Topo Gigino riagganciò il ricevitore, imperturbabile. Conosceva il suo pollo… Qualche ora dopo, come da copione, la telefonata di rettifica.

“Topo Gigio?…”.

“Sì?…”.

“Be’… sai… ho visto che posso prendere un treno anche più tardi…”.

“Aaah…”.

“Ecco…insomma…riesco a venire al tuo matrimonio…”.

“Ooooh…”.

“Ok, allora, ciao!”.

“Ciao…”.

Furia era fatta così: capace di sostenere una tesi e il suo esatto contrario con la stessa indecente naturalezza, con la medesima veemente foga da pasionaria.

 

A questo punto, il lettore ignaro, ormai simpaticamente solidale con i nostri personaggi, plaudirà con slancio a questa, tutto sommato, rapida e indolore risoluzione di una piccola controversia familiare, nel pensier fingendosi l’aereo e impalpabile ritorno di Armonia, acconcio preludio di un evento festoso. Ma, l’abbiamo detto, è un lettore ignaro, “cioè non conosce Furia e non sa che quel demonio troverà pace solo quando tutto si sarà sistemato nell’unico modo in cui, a suo parere, le cose dovrebbero andare a questo mondo: il suo!”.

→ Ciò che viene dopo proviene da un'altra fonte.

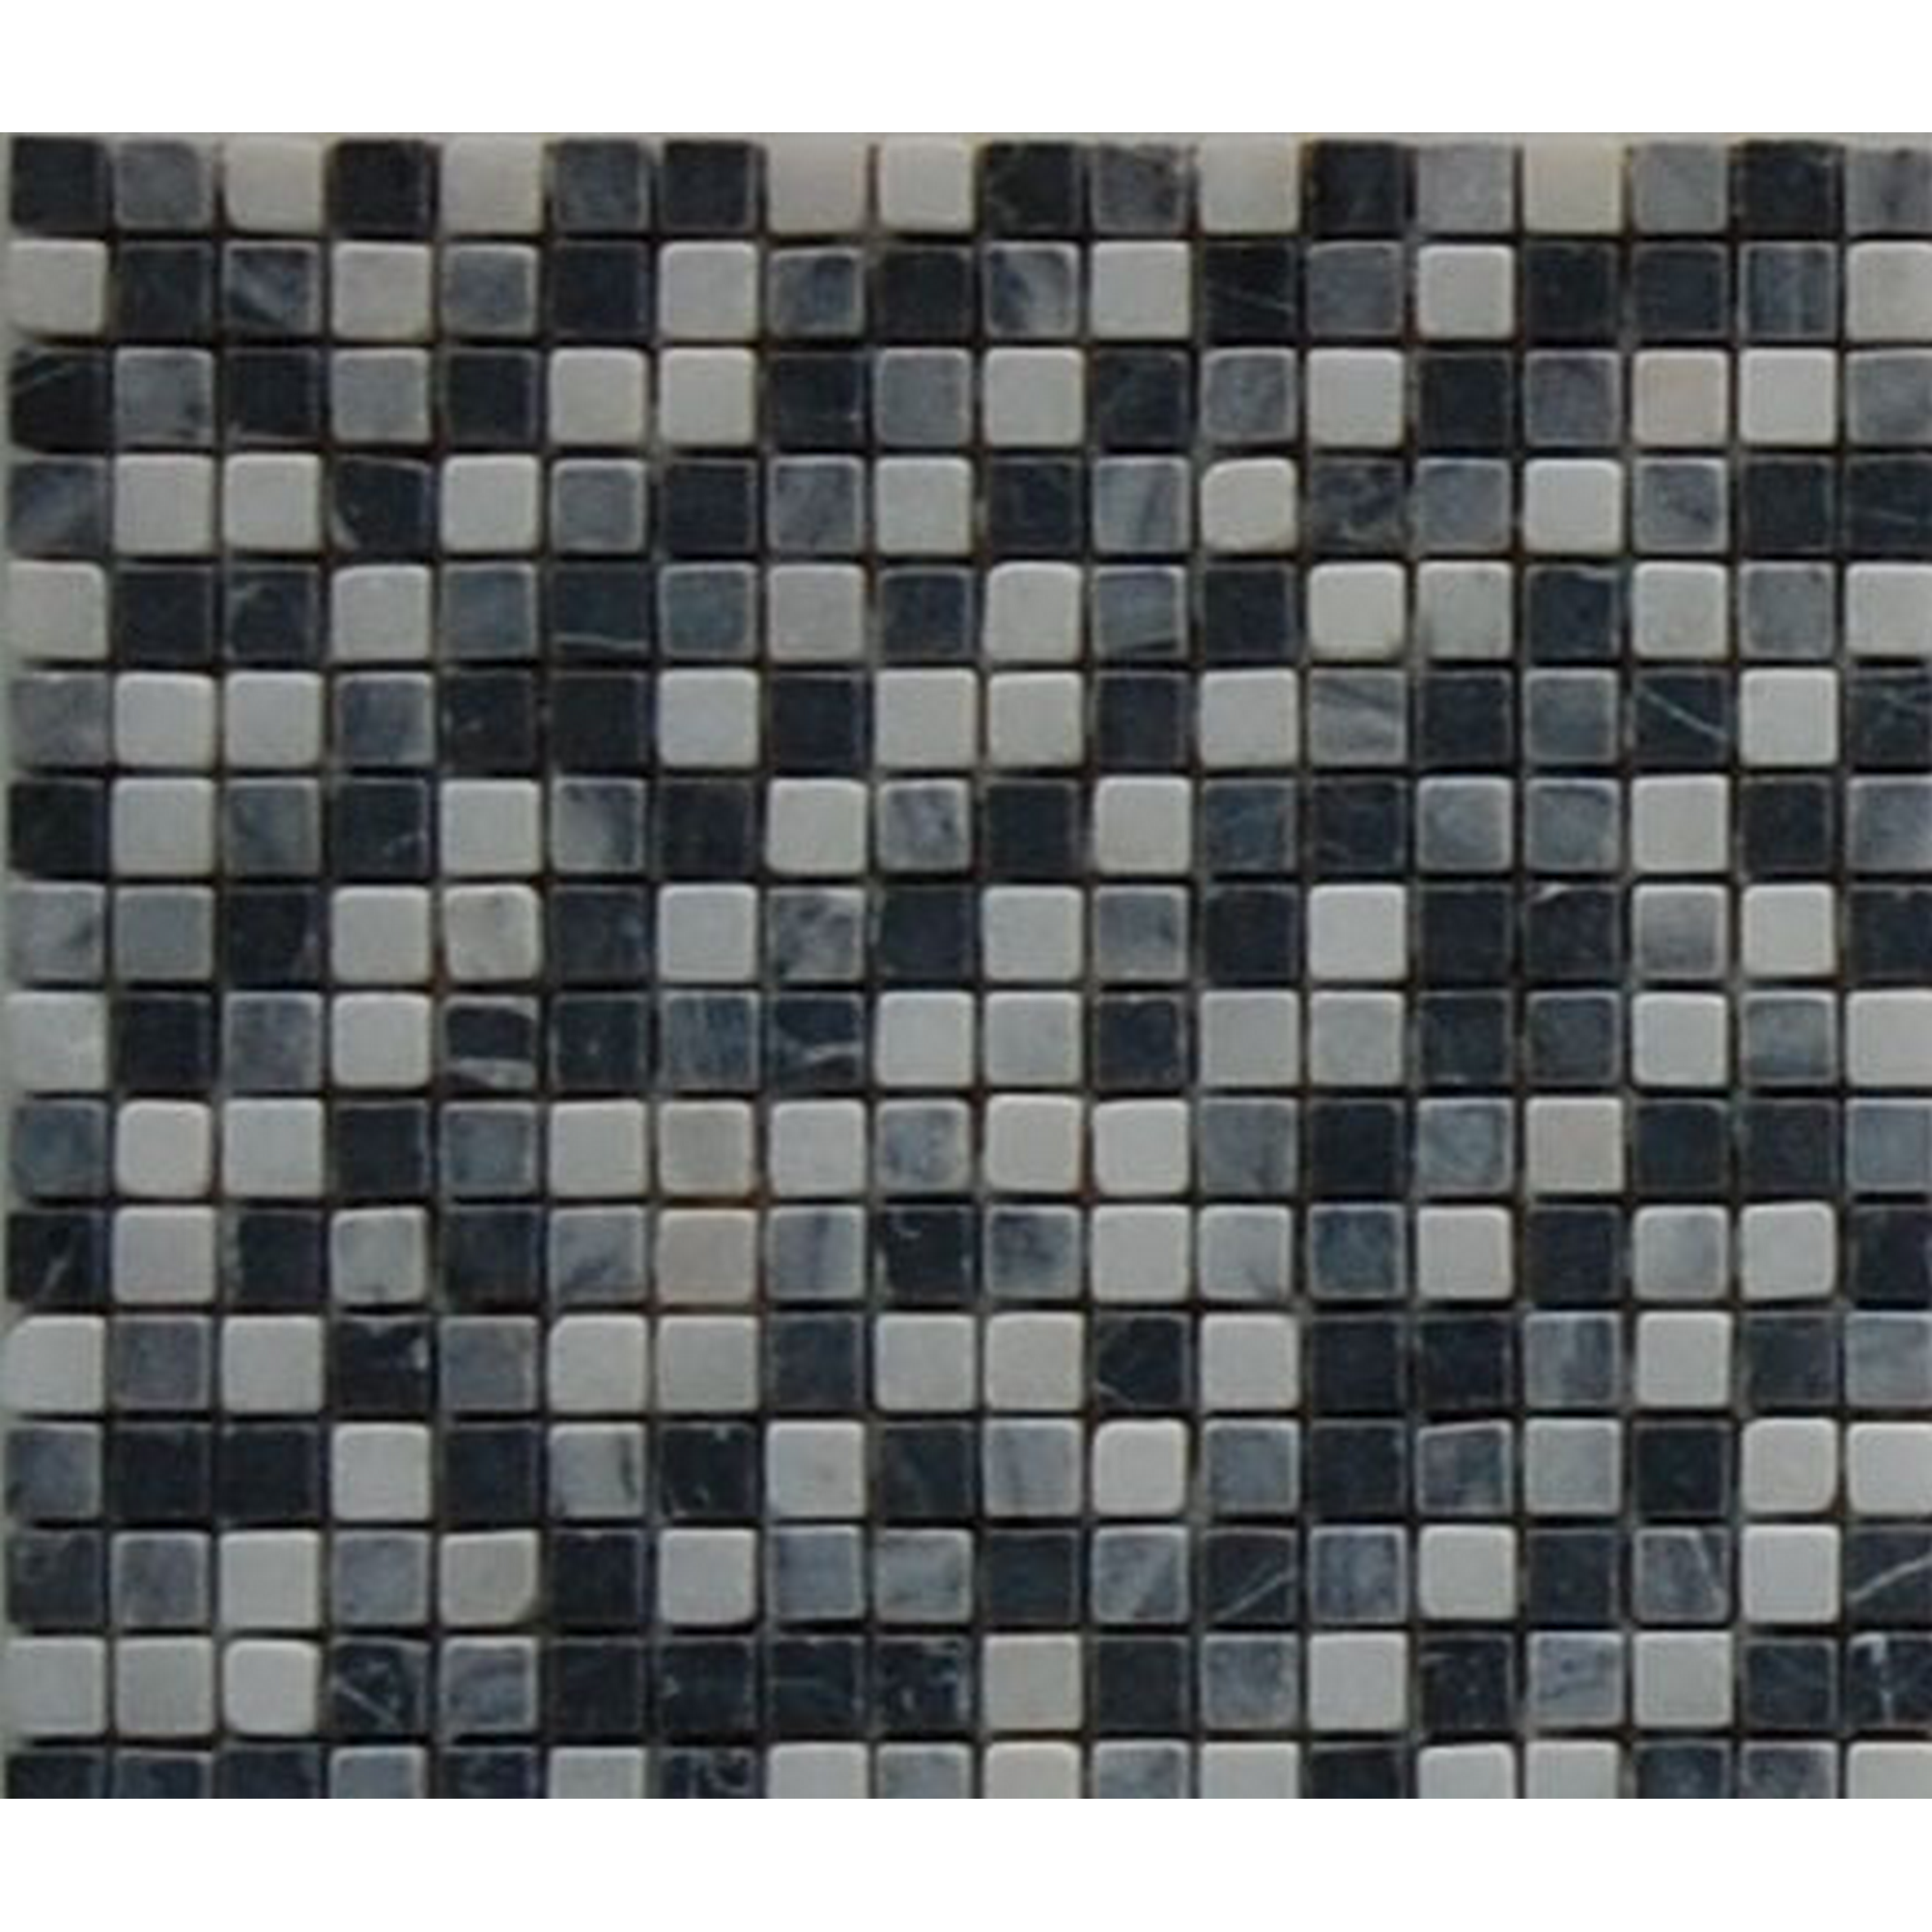 Mosaikfliese 'Nero' Naturstein grau-schwarz 30 x 30 cm + product picture

Per farla breve, non fu facile come sperato, per Furia, sistemare e sostituire le sue prenotazioni. La nostra eroina ebbe, anche lei, la sua congiura, ordita dalle agenzie di viaggio cittadine, per motivi e con modalità che risparmiamo al nostro paziente lettore. Diremo solo che la volenterosa “fanciulla” si sottopose a un nefando pellegrinaggio sotto il sole impietoso del Mezzogiorno d’Italia, con temperature che farebbero un baffo solo ai tuareg sahariani, mentre la rabbia cominciava a ribollirle in corpo, esplodendo finalmente in un accesso di collera che la portò ad afferrare il cellulare e inviare a quel “coglione” di suo fratello, responsabile di così grandi disagi, una sequela di triviali imprecazioni da bordello di marinai, accompagnata da oscure minacce.

 

Nessuno si stupisca dello “stile” di Furia: la nostra “donzella” era solita passare dal registro aulico al turpiloquio senza soluzione di continuità, lasciando completamente disorientati gli interlocutori, che non sapevano più se si trovavano al cospetto di una laureata in Lettere Classiche, per di più docente di ruolo di comprovate capacità, o di una frequentatrice di postriboli. “Speriamo che, almeno in classe, si trattenga…”. Macché. Anche da quel fronte giungevano allarmanti notizie di dirigenti scolastici che, seriamente preoccupati, la convocavano, in via del tutto informale, in camera caritatis, per invitarla all’uso di un linguaggio più asettico.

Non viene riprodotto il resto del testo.